Он был уверен, что когда кто-то другой вскружит ему голову, он не будет помнить эти вещи так ярко. Просто нужно было дать возможность кому-то вскружить ему голову.
Хакон принял предложение леди Эйслинн поужинать с другими сотрудниками в столовой. Вульф освоился быстрее него, поняв, что, когда он величественно сидит на месте, множество рук будет подсовывать ему объедки.

Хакон заставил себя пойти, и в конце концов он привык к приятной болтовне, которая текла вокруг него.
Он постепенно совершенствовался в чтении по человеческим губам и практиковался во время еды, следя за тем, кто говорит, и внимательно прислушиваясь к тому, что было сказано.
Было немало горничных, поваров и садовников, которые смотрели на него через стол. Он изо всех сил старался уделить им немного внимания, запомнить имена и лица, и кто чем занимается.
Он нашел одну повариху, Тилли, довольно забавной, и ее истории всегда вызывали взрывы смеха за столом. Брижитт, Клэр и Фиа все были красавицами, хотя Фиа была его любимицей, в основном потому, что она часто говорила о леди Эйслинн. Хакон поглощал каждый лакомый кусочек информации с большей жадностью, чем свою трапезу, и всегда хотел большего.

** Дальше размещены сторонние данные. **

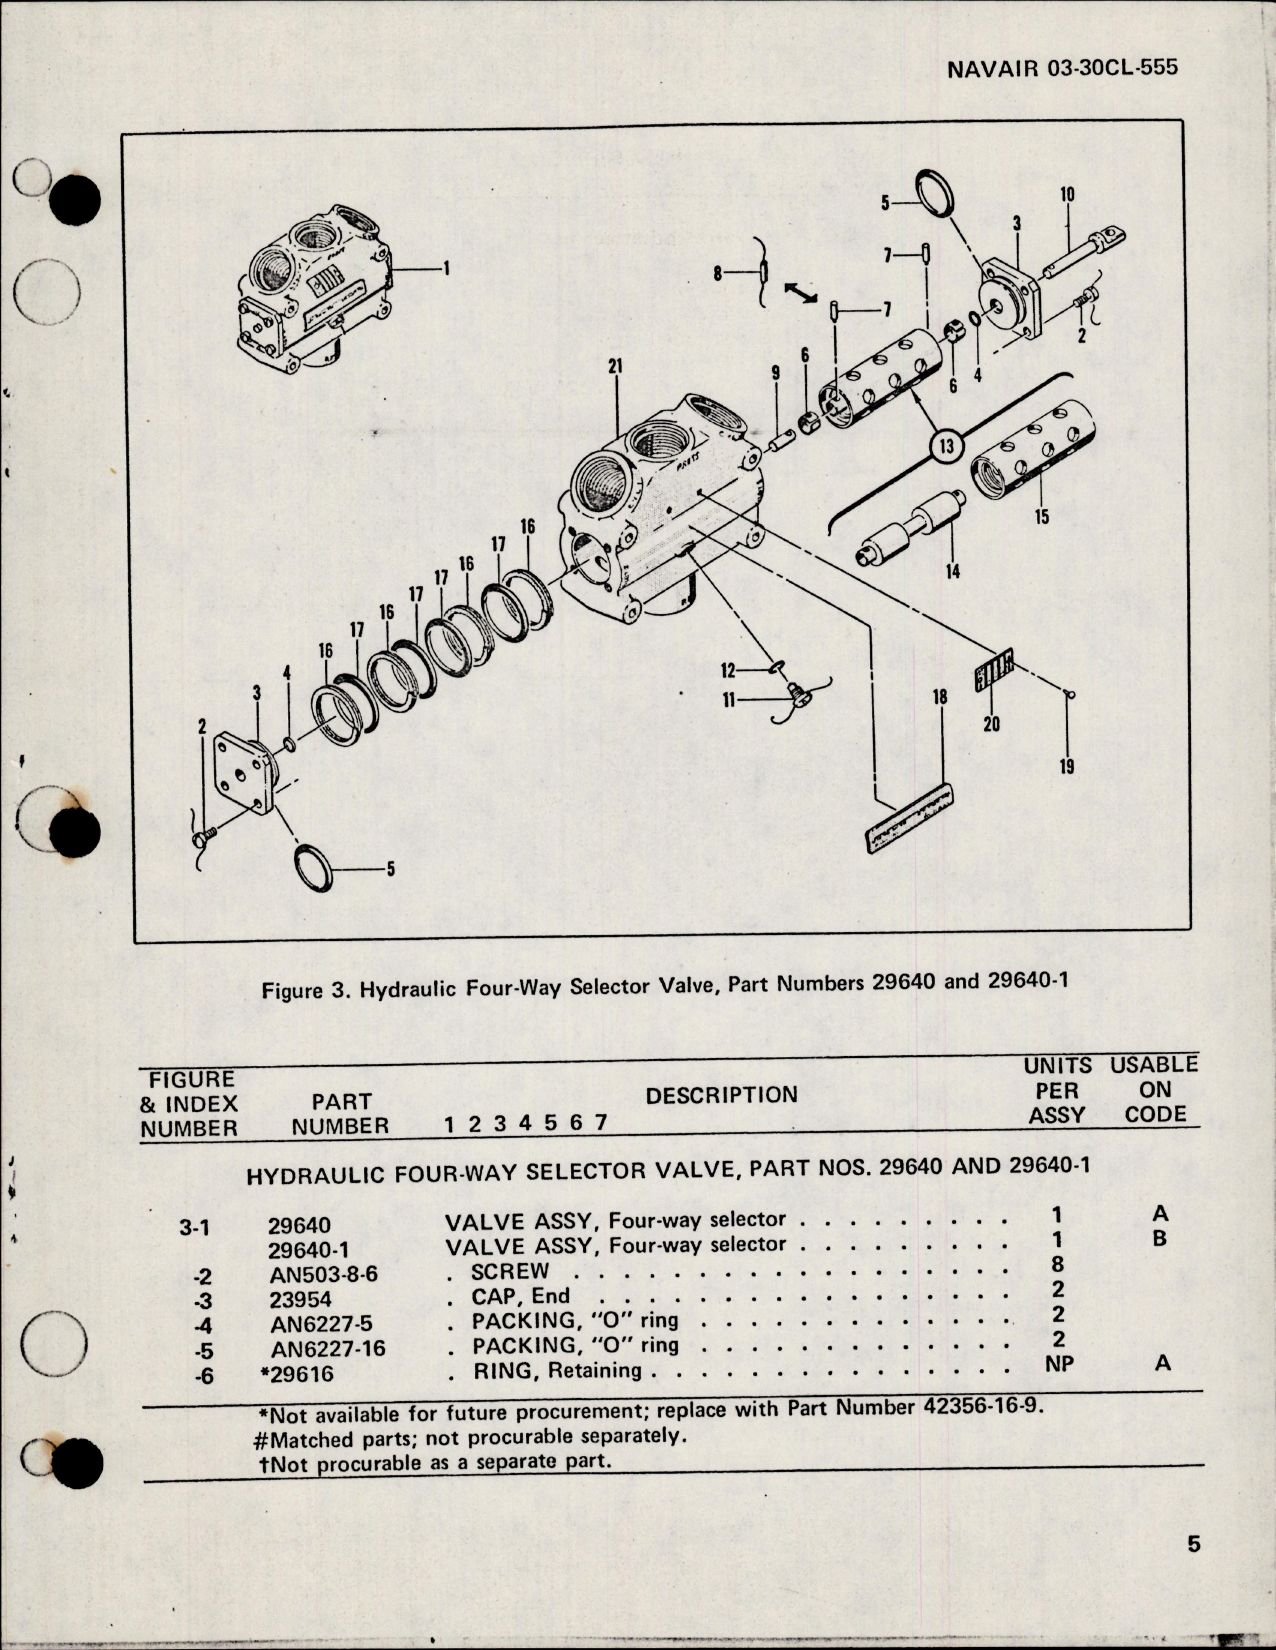 Sample page 5 from AirCorps Library document: Overhaul Instructions with Parts for Hydraulic Four way Selector Valve - Parts 29640 and 296401-1

Однако проходили недели, а он так и не приблизился к тому, чтобы найти кого-нибудь, кого он мог бы попросить прогуляться по внутреннему двору или пригласить в город перекусить. В самом городе было еще много людей, с которыми ему предстояло встретиться, но его время было поглощено работой в замке — и проектами леди Эйслинн.
Он уже давно закончил для нее острые ножницы, а потом быстро смастерил себе пару собственных.
— Ты действительно не обязан, — настаивала леди Эйслинн, когда однажды днем они стояли вместе в розовом саду ее матери. Она бросала на него обеспокоенные взгляды не менее десяти минут.
— Я готов, — заверил он ее. Он улыбнулся ей сверху вниз, надеясь развеять ее беспокойство, но затем она улыбнулась в ответ, ослепительная, несмотря на то, что ее лицо затеняла широкополая соломенная шляпа. Еще одно сокровище в его копилке образов, более ценное, чем драгоценные камни, спрятанные под половицами его комнаты.
Прочистив горло, он добавил:
— Приятно выбраться из кузницы. Увидеть солнце.
— Это, безусловно, правда, — засмеялась она. — Мы не можем допустить, чтобы ты побледнел, — затем ее брови поднялись почти до линии роста волос. — А кожа орков темнеет на солнце? Может ли солнце обжечь тебя?
В ее глазах мелькнуло любопытство, и внезапно ее рука оказалась на его обнаженной коже, кончики пальцев пробежались по изгибу предплечья.
Сердце Хакона бешено заколотилось в груди — и его член заинтересовался в брюках.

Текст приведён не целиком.